American clergyman and linguist (1812–1883)

Stephen Return Riggs (March 23, 1812 - August 24, 1883) was a Christian missionary and linguist who lived and worked among the Dakota people.

Riggs was born in Steubenville, Ohio. His career among the Dakota began in 1837 at Lac qui Parle in what is now Minnesota, at the Lac qui Parle Mission. He worked among the Dakota Sioux for the remainder of his life, producing a grammar and dictionary and a Dakota translation of the New Testament He later worked with Thomas Smith Williamson on a full translation of the Bible.

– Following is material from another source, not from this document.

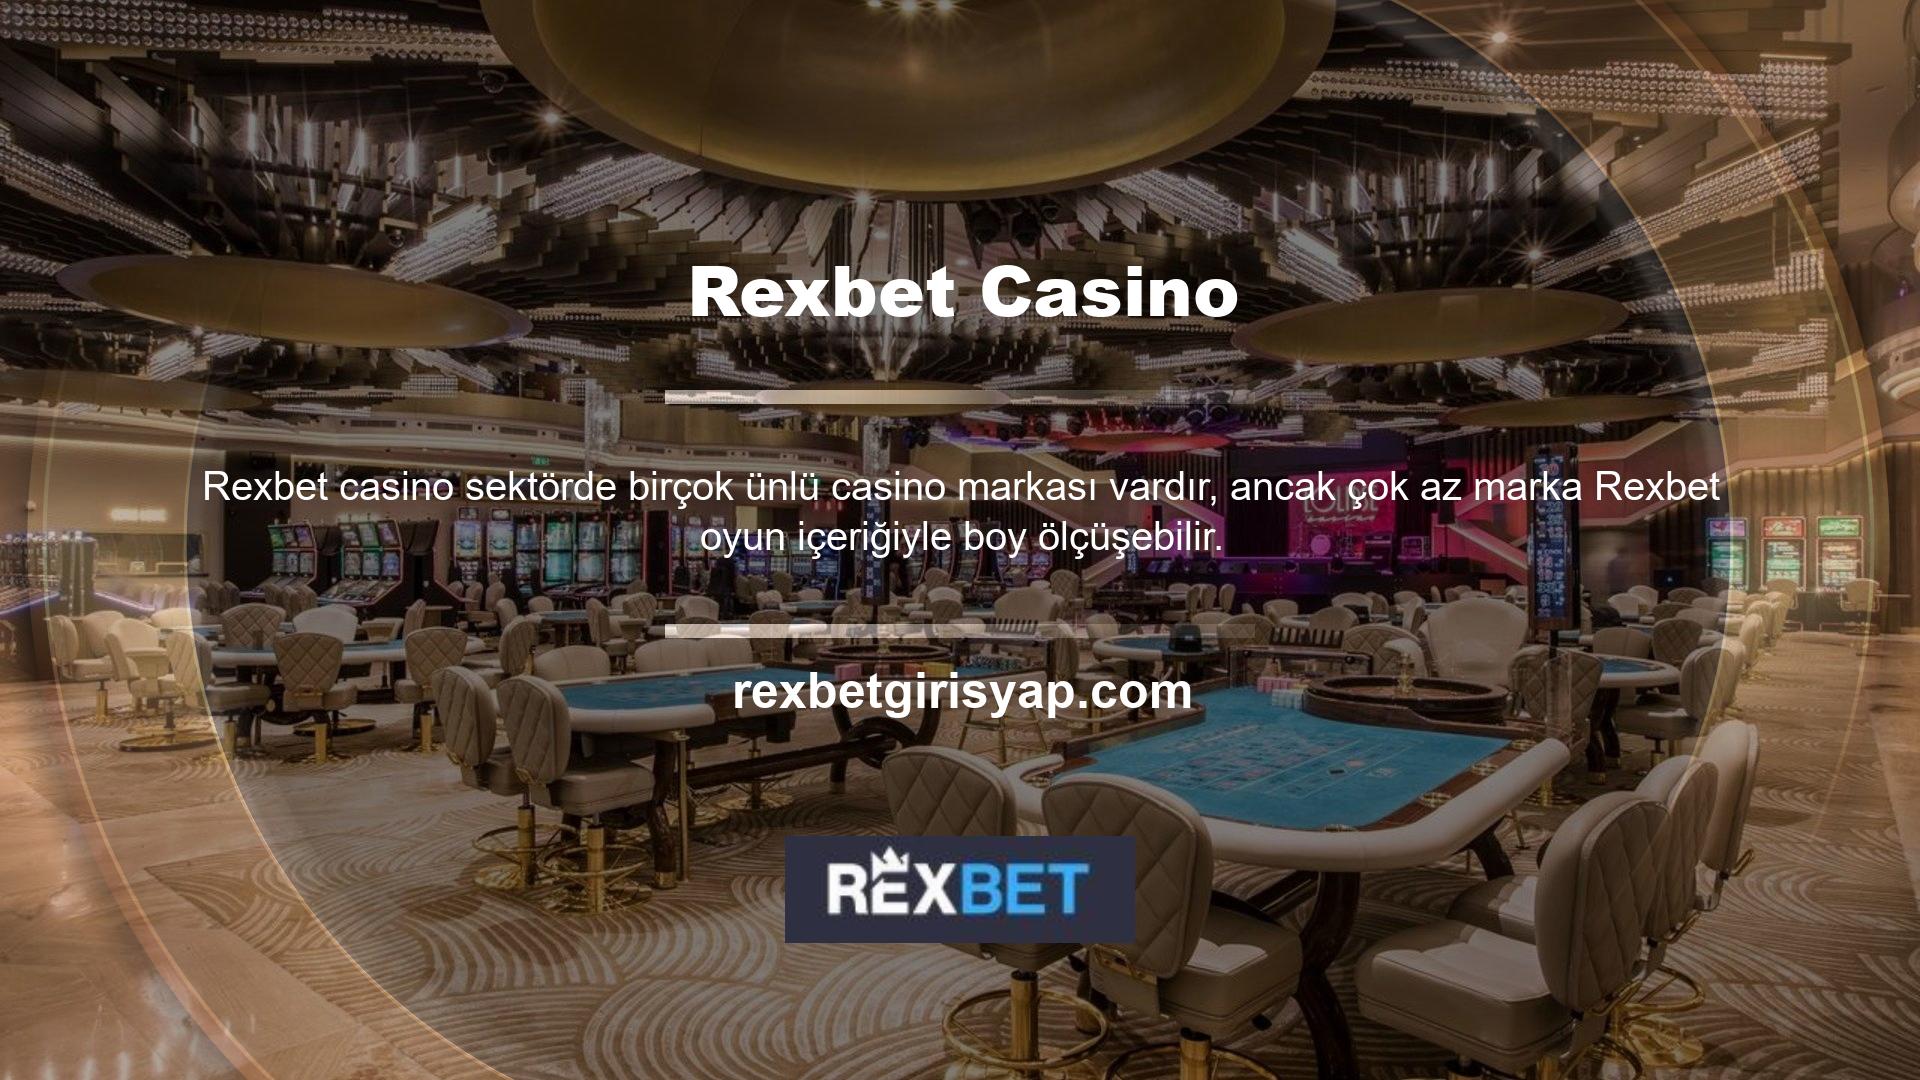 Birkaç yıl önce Rexbet, düzinelerce farklı sağlayıcıyı şimdiye kadarki en iyi ve en zengin casino oyun içeriğiyle entegre ederek birinci sınıf bir casino platformu oluşturdu ve işletti

In his autobiography Mary and I, or Forty Years with the Sioux, Riggs describes his life. In 1862, he served as interpreter at the trials of the Sioux Uprising. He died in Beloit, Wisconsin.

==Selected works==
- 1852 A Grammar and Dictionary of the Dakota Language
- 1871 Dakota wowapi wakan kin. The New Testament, in the Dakota language
- 1879 Dakota Wowapi Wakan: The Holy Bible in the language of the Dakotas translated out of the original tongues
- 1880 Mary and I, or Forty Years with the Sioux

== Archival collections ==
The Presbyterian Historical Society in Philadelphia, Pennsylvania, has Stephen Return Riggs' papers, including detailed correspondence written by Stephen and Mary Riggs to their family members and two manuscript church histories written by Stephen Riggs. The correspondence also includes an occasional sketch of the missions they served.

==Family==
Riggs's daughter Cornelia was the wife of journalist Julius A. Truesdell and mother of Major General Karl Truesdell.